Re: [For Stable] mm: memcontrol: fix excessive complexity in memory.stat reporting

Greg KH <gregkh@xxxxxxxxxxxxxxxxxxx> · Wed, 1 May 2019 09:08:27 +0200

On Tue, Apr 30, 2019 at 01:41:16PM -0700, Vaibhav Rustagi wrote:
> On Wed, Apr 24, 2019 at 11:53 AM Greg KH <gregkh@xxxxxxxxxxxxxxxxxxx> wrote:
> >
> >
> > A: Because it messes up the order in which people normally read text.
> > Q: Why is top-posting such a bad thing?
> > A: Top-posting.
> > Q: What is the most annoying thing in e-mail?
> >
> > A: No.
> > Q: Should I include quotations after my reply?
> >
> > http://daringfireball.net/2007/07/on_top
> >
> > On Wed, Apr 24, 2019 at 10:35:51AM -0700, Vaibhav Rustagi wrote:
> > > Apologies for sending a non-plain text e-mail previously.
> > >
> > > This issue is encountered in the actual production environment by our
> > > customers where they are constantly creating containers
> > > and tearing them down (using kubernetes for the workload).  Kubernetes
> > > constantly reads the memory.stat file for accounting memory
> > > information and over time (around a week) the memcg's got accumulated
> > > and the response time for reading memory.stat increases and
> > > customer applications get affected.
> >
> > Please define "affected".  Their apps still run properly, so all should
> > be fine, it would be kubernetes that sees the slowdowns, not the
> > application.  How exactly does this show up to an end-user?
> >
> 
> Over time as the zombie cgroups get accumulated, kubelet (process
> doing frequent memory.stat) becomes more cpu resource intensive and
> all other user containers running on the same machine will starve for
> cpu. It affects the user containers in at-least 2 ways that we know
> of: (1) User experience liveness probe failures where there
> applications are not completed in expected amount of time.

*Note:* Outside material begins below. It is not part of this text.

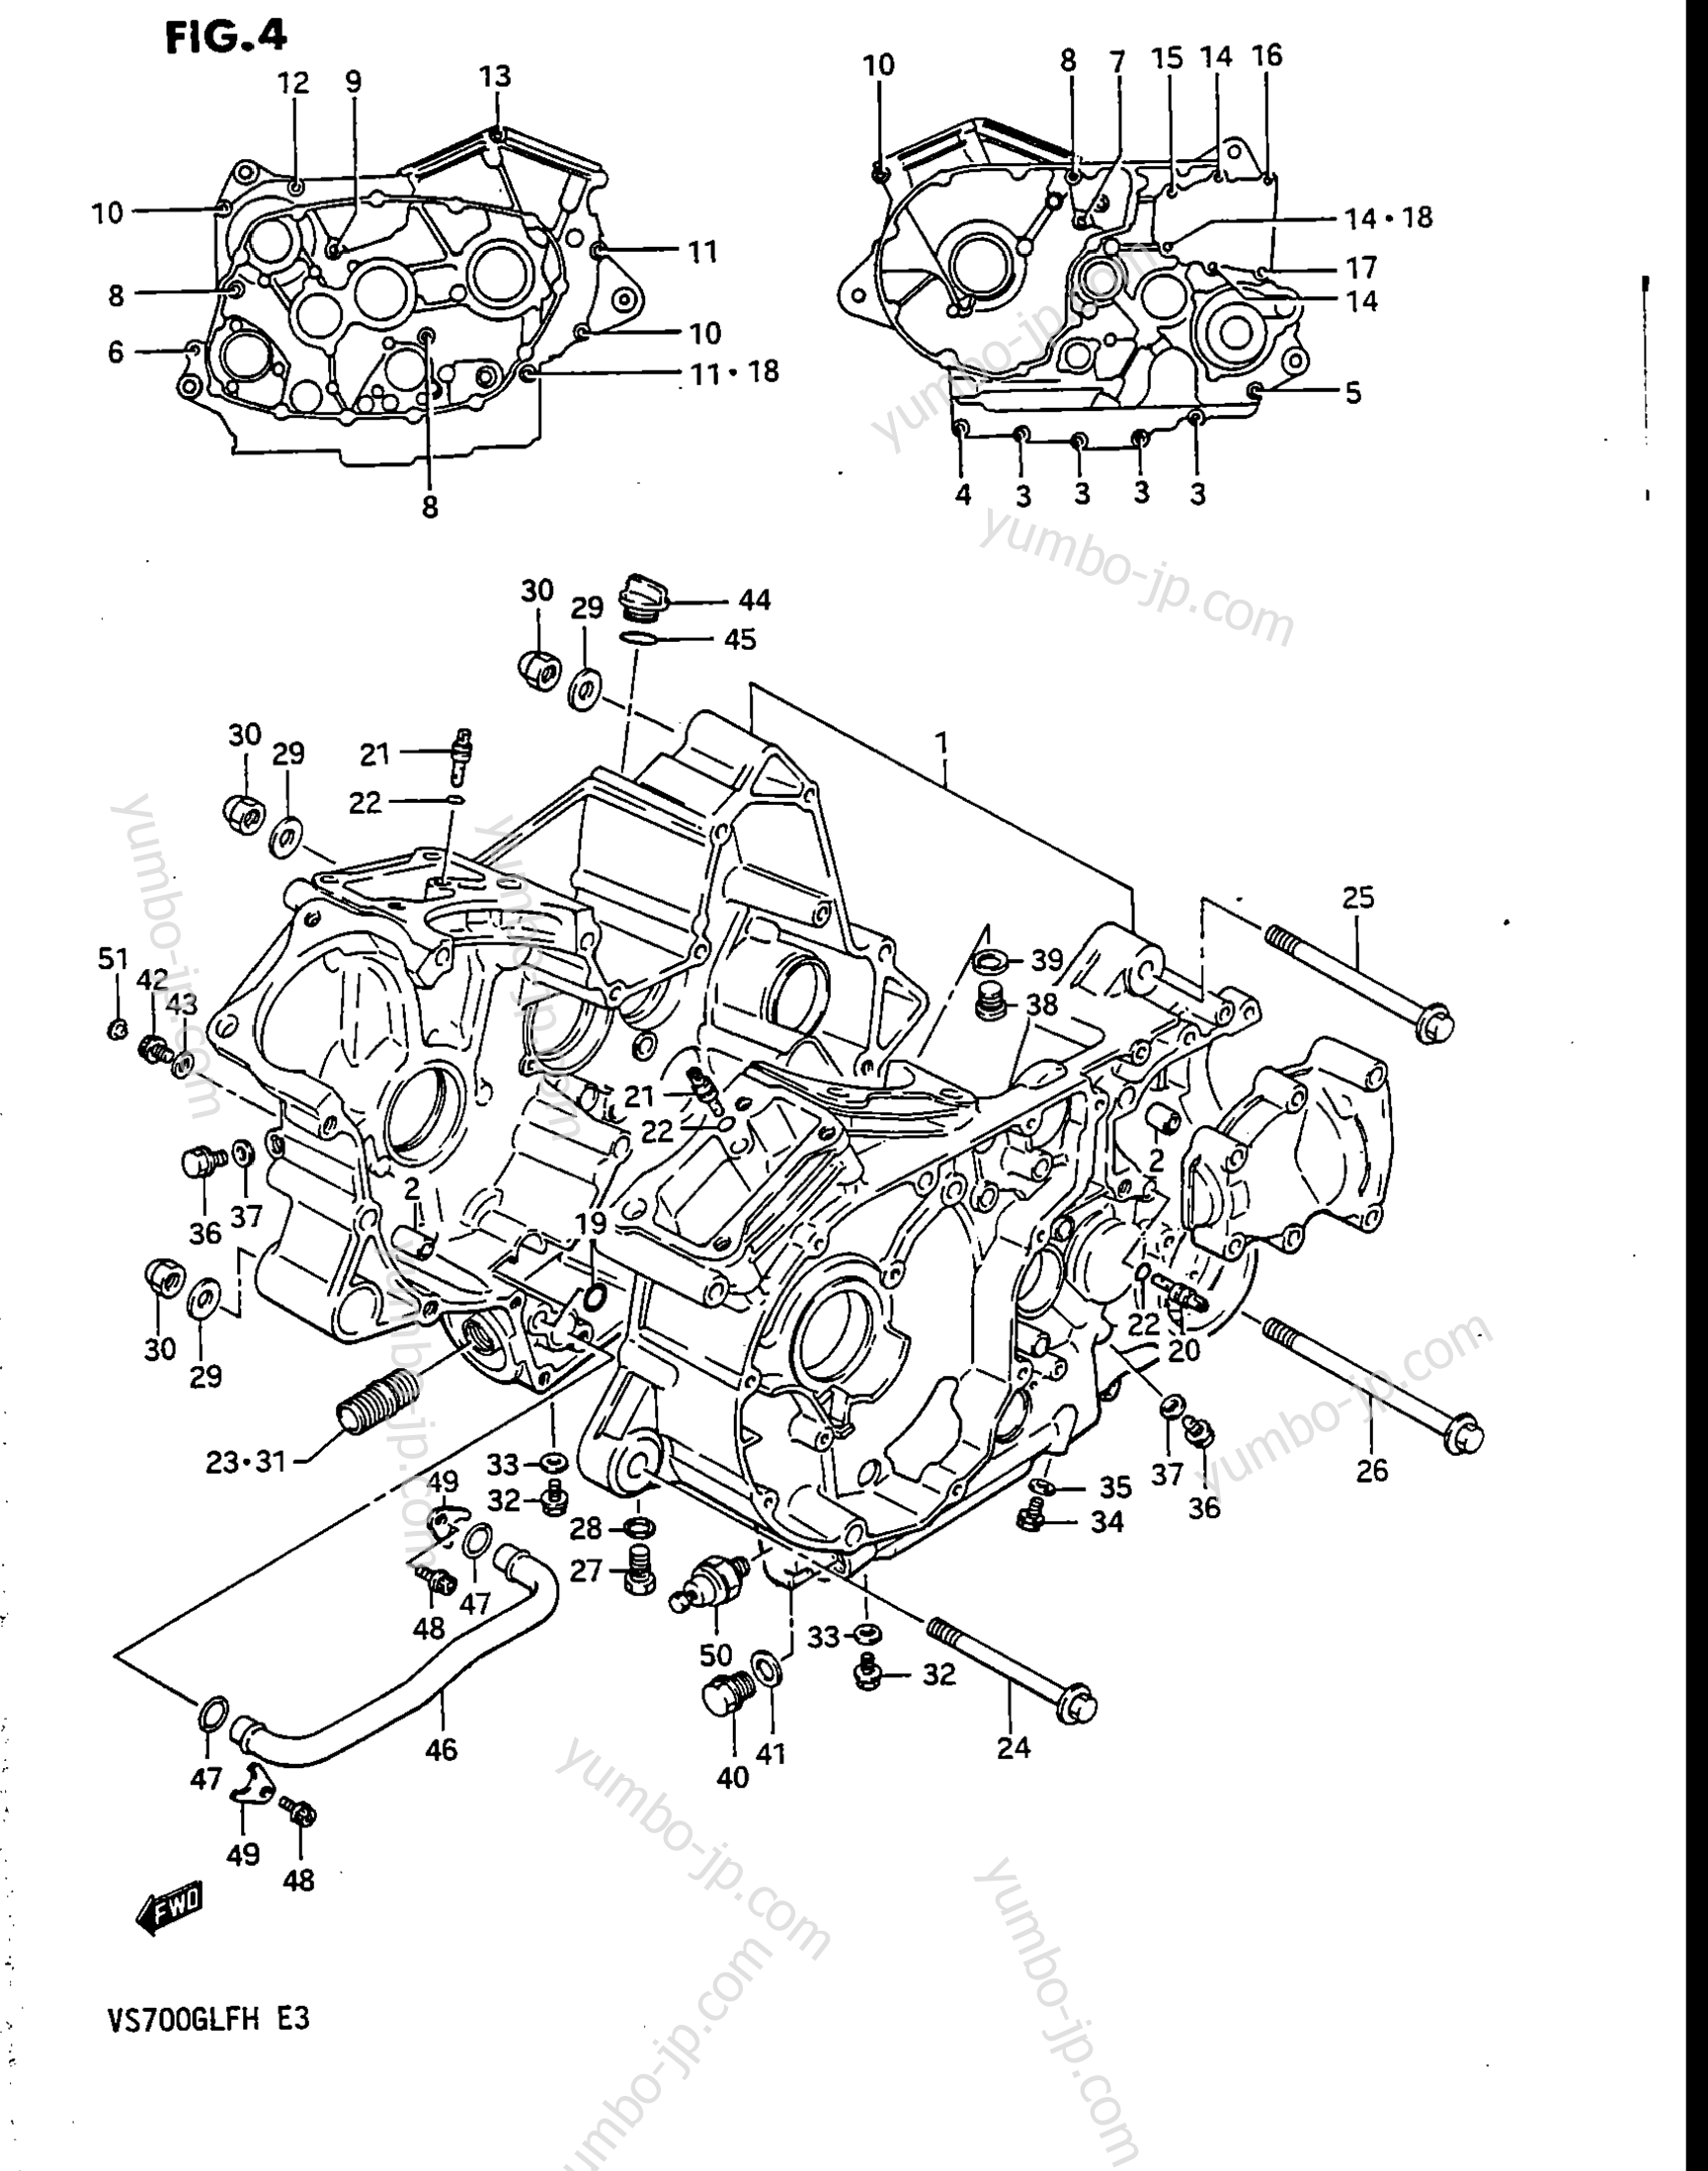 Крышка картера для мотоциклов SUZUKI Intruder (VS700GLEF) 1987 г.

"expected amount of time" is interesting to claim in a shared
environment :)

> (2) new user jobs cannot be schedule,

Really?  This slows down starting new processes?  Or is this just
slowing down your system overall?

> There certainly is a possibilty of reducing the adverse affect at
> Kubernetes level as well, and we are investigating that as well. But,
> the kernel patches requested helps in not exacerbating the problem.

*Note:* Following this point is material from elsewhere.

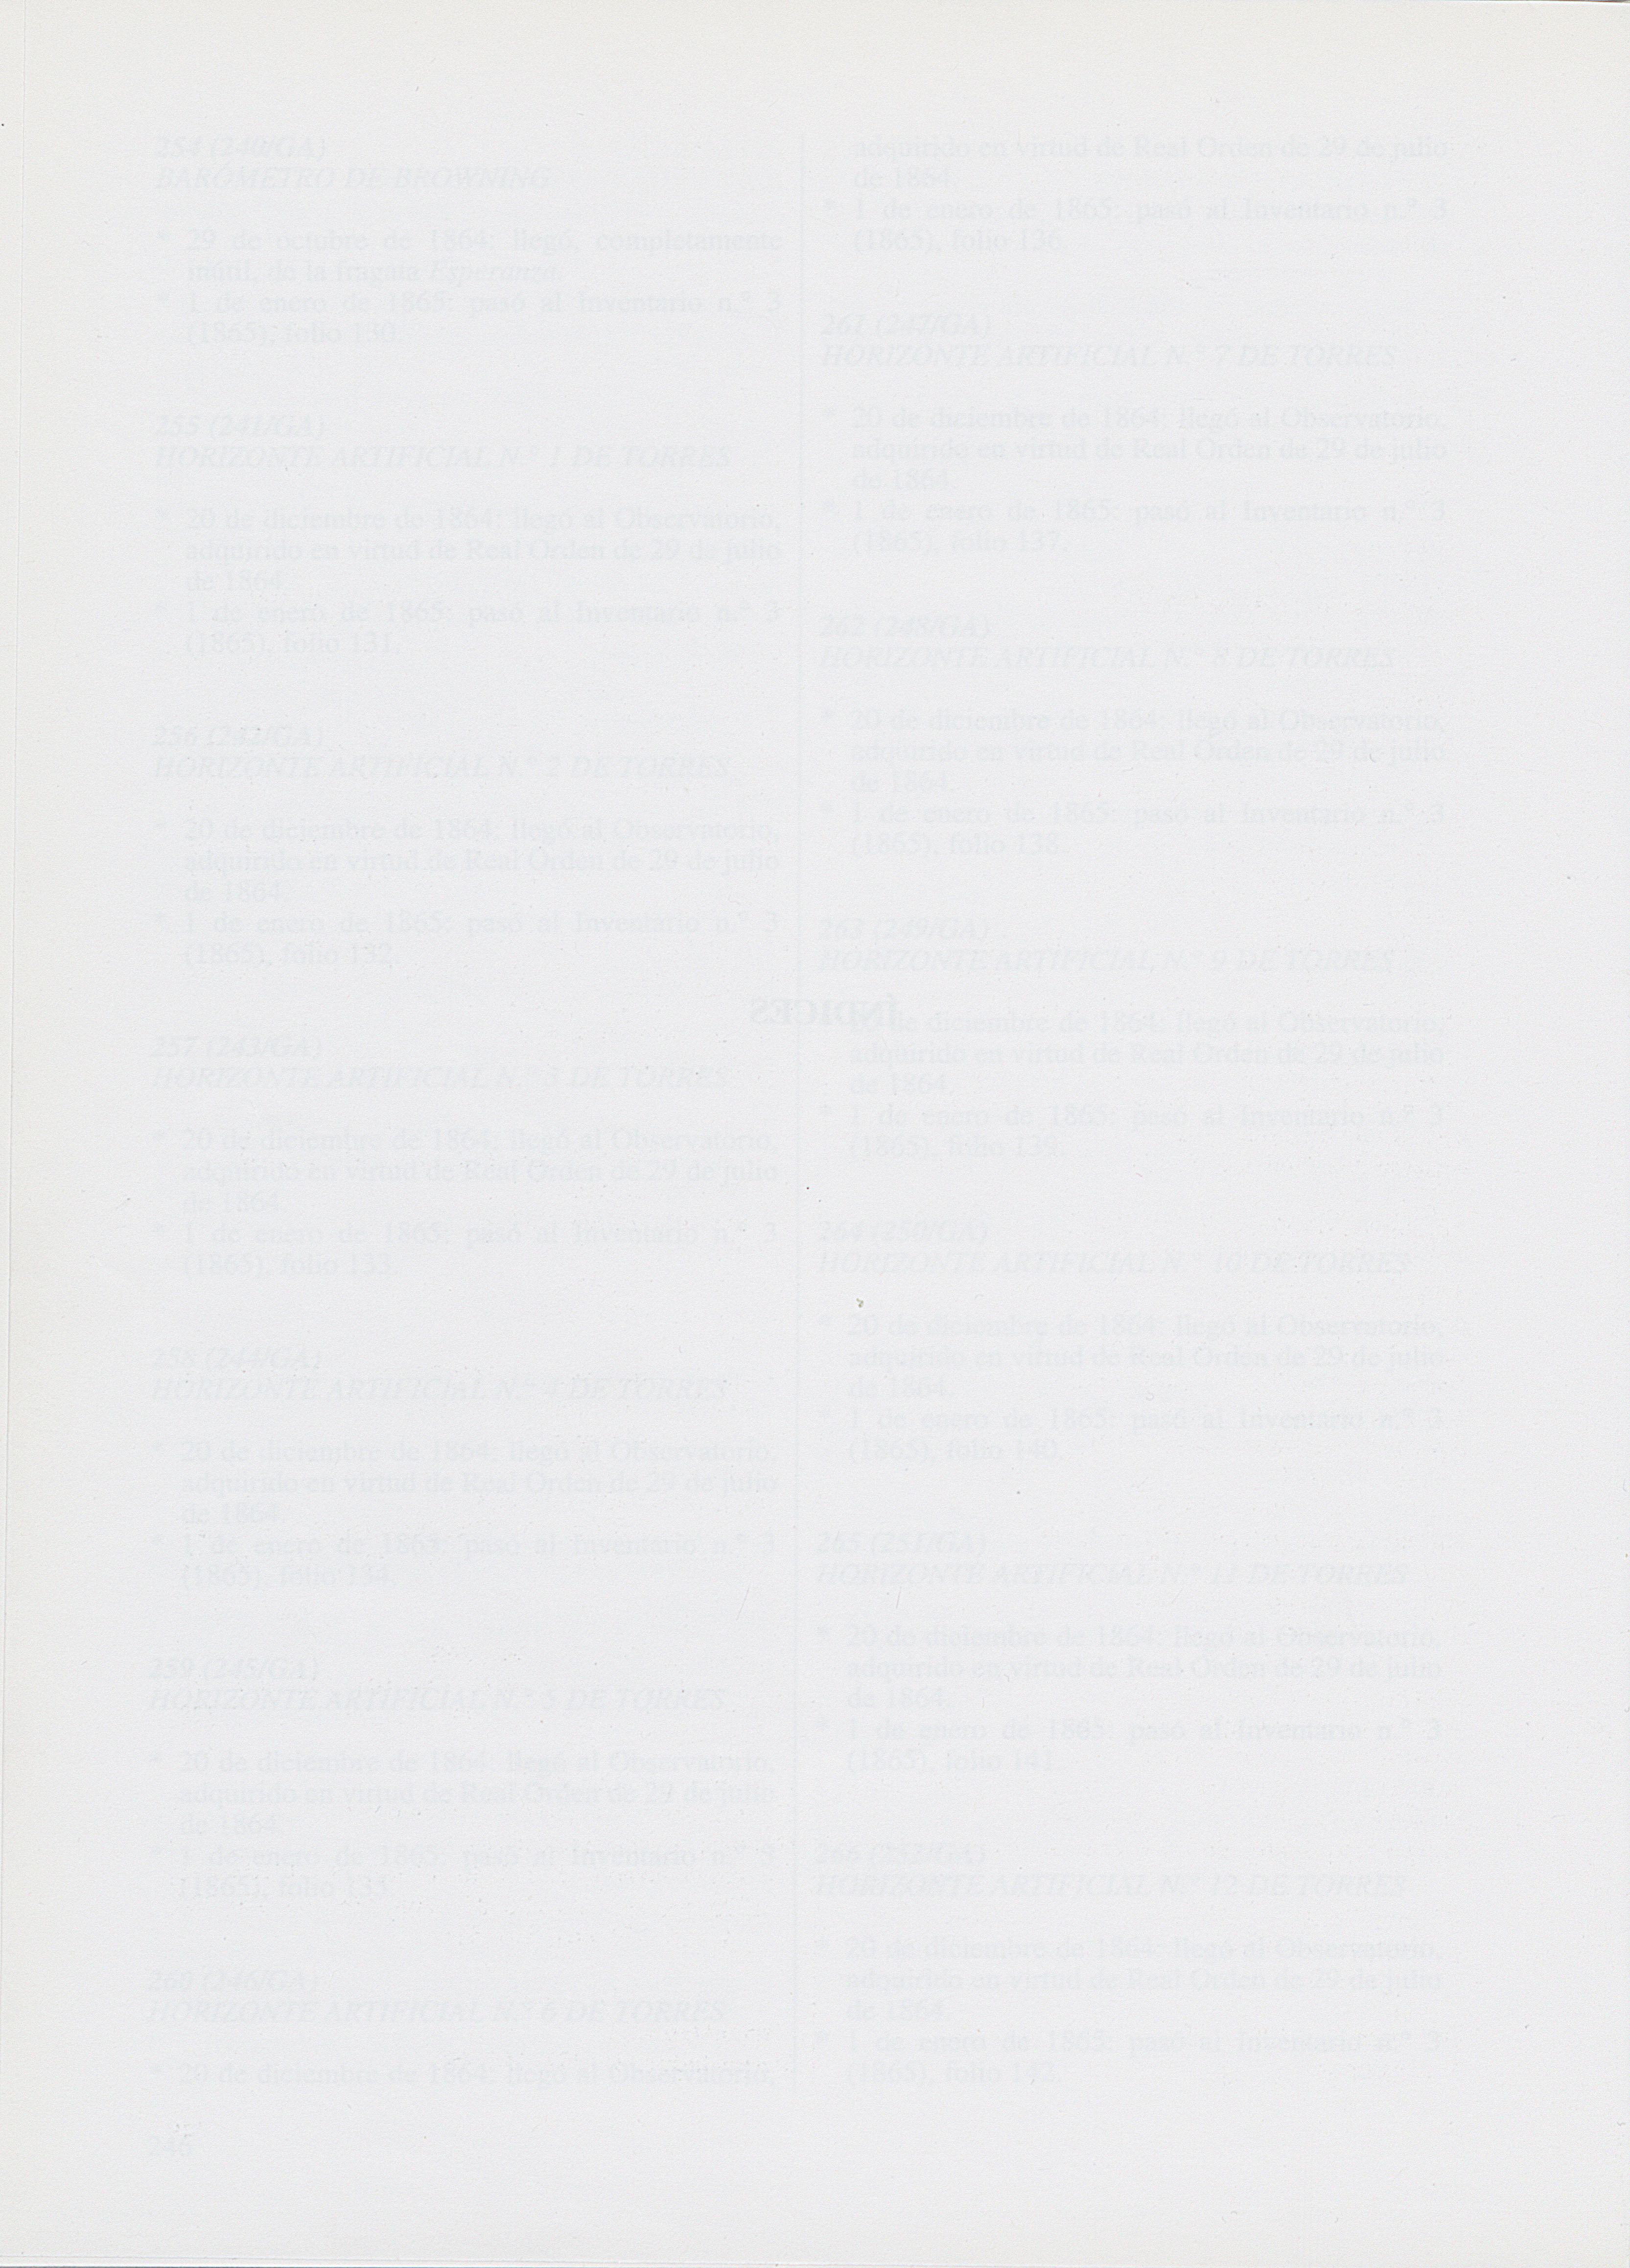 Página 290

I understand this is a kernel issue, but if you see this happen, just
updating to a modern kernel should be fine.

> > > The repro steps mentioned previously was just used for testing the
> > > patches locally.
> > >
> > > Yes, we are moving to 4.19 but are also supporting 4.14 till Jan 2020
> > > (so production environment will still contain 4.14 kernel)
> >
> > If you are already moving to 4.19, this seems like a good as reason as
> > any (hint, I can give you more) to move off of 4.14 at this point in
> > time.  There's no real need to keep 4.14 around, given that you don't
> > have any out-of-tree code in your kernels, so all should be simple to
> > just update the next reboot, right?
> >
> 
> Based on the past experiences, major kernel upgrade sometime
> introduces new regressions as well. So while we are working to roll
> out kernel 4.19, it may not be a practical solution for all the users.

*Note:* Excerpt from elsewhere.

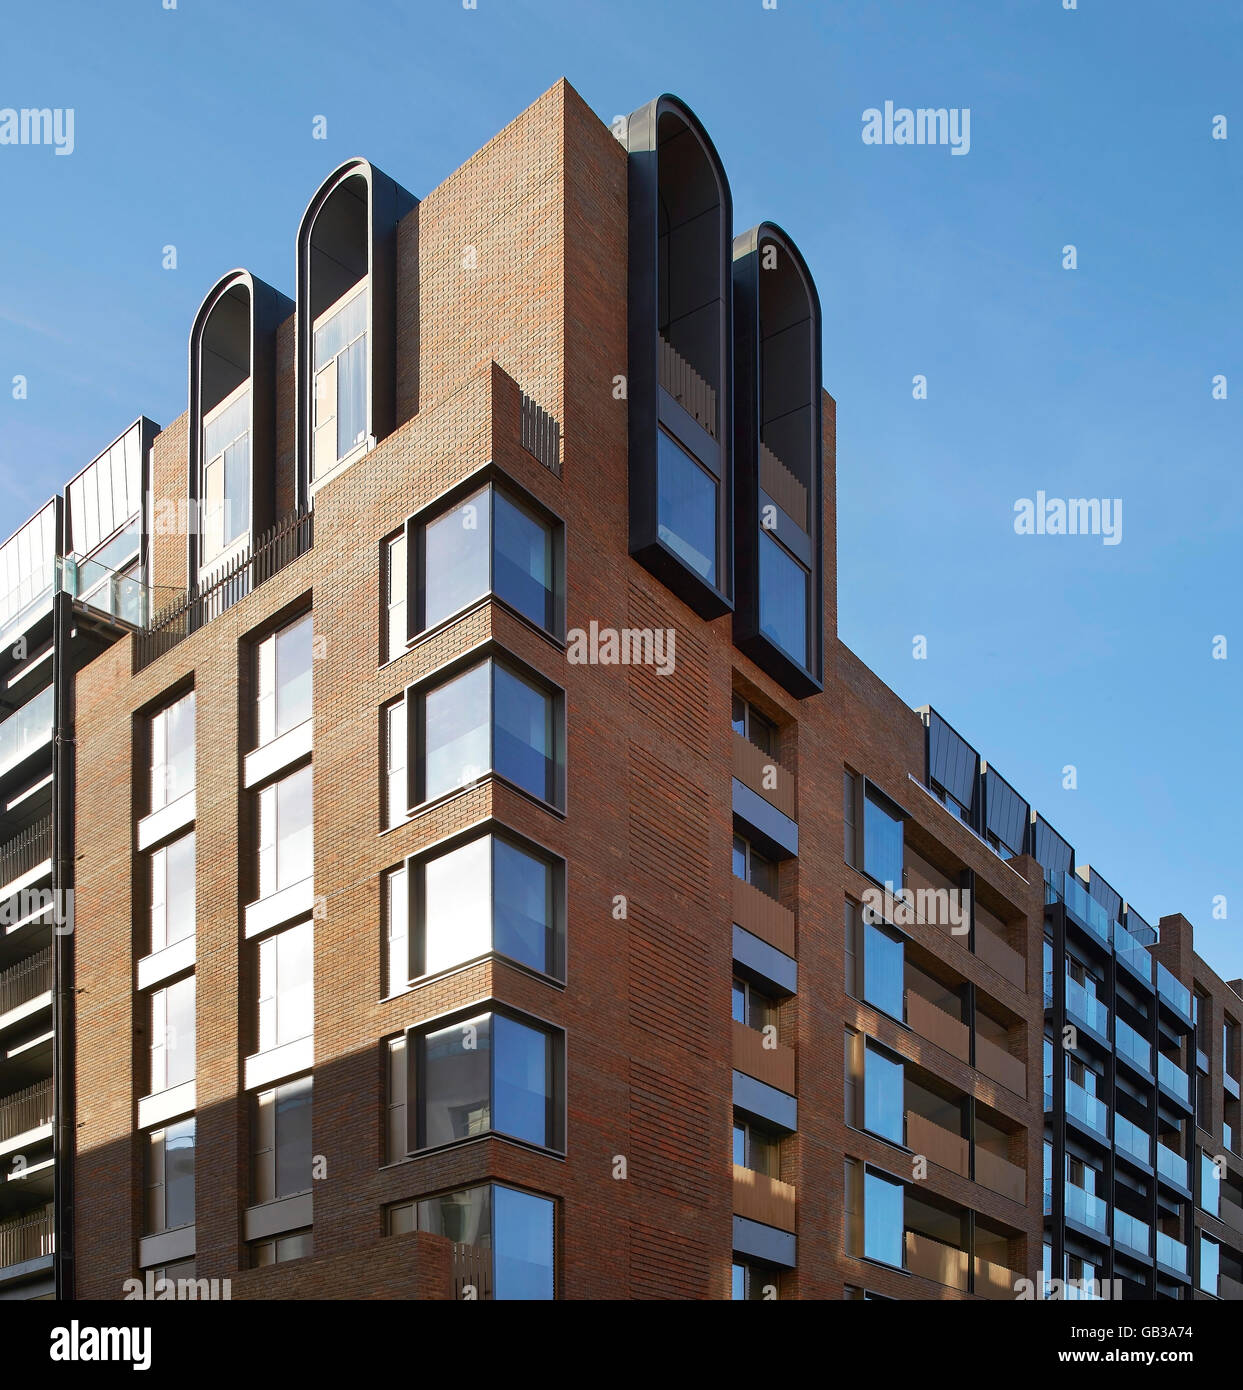 L'altitude d'angle en brique rouge bloc résidentiel vêtu. Fitzroy, London, Royaume-Uni. Architecte : Lifschutz Davidson Sandilands, 2015. Banque D'Images

If you are not doing the same exact testing senario for a new 4.14.y
kernel release as you are doing for a move to 4.19.y, then your "roll
out" process is broken.

Given that 4.19.y is now 6 months old, I would have expected any "new
regressions" to have already been reported.  Please just use a new
kernel, and if you have regressions, we will work to address them.

thanks,

greg k-h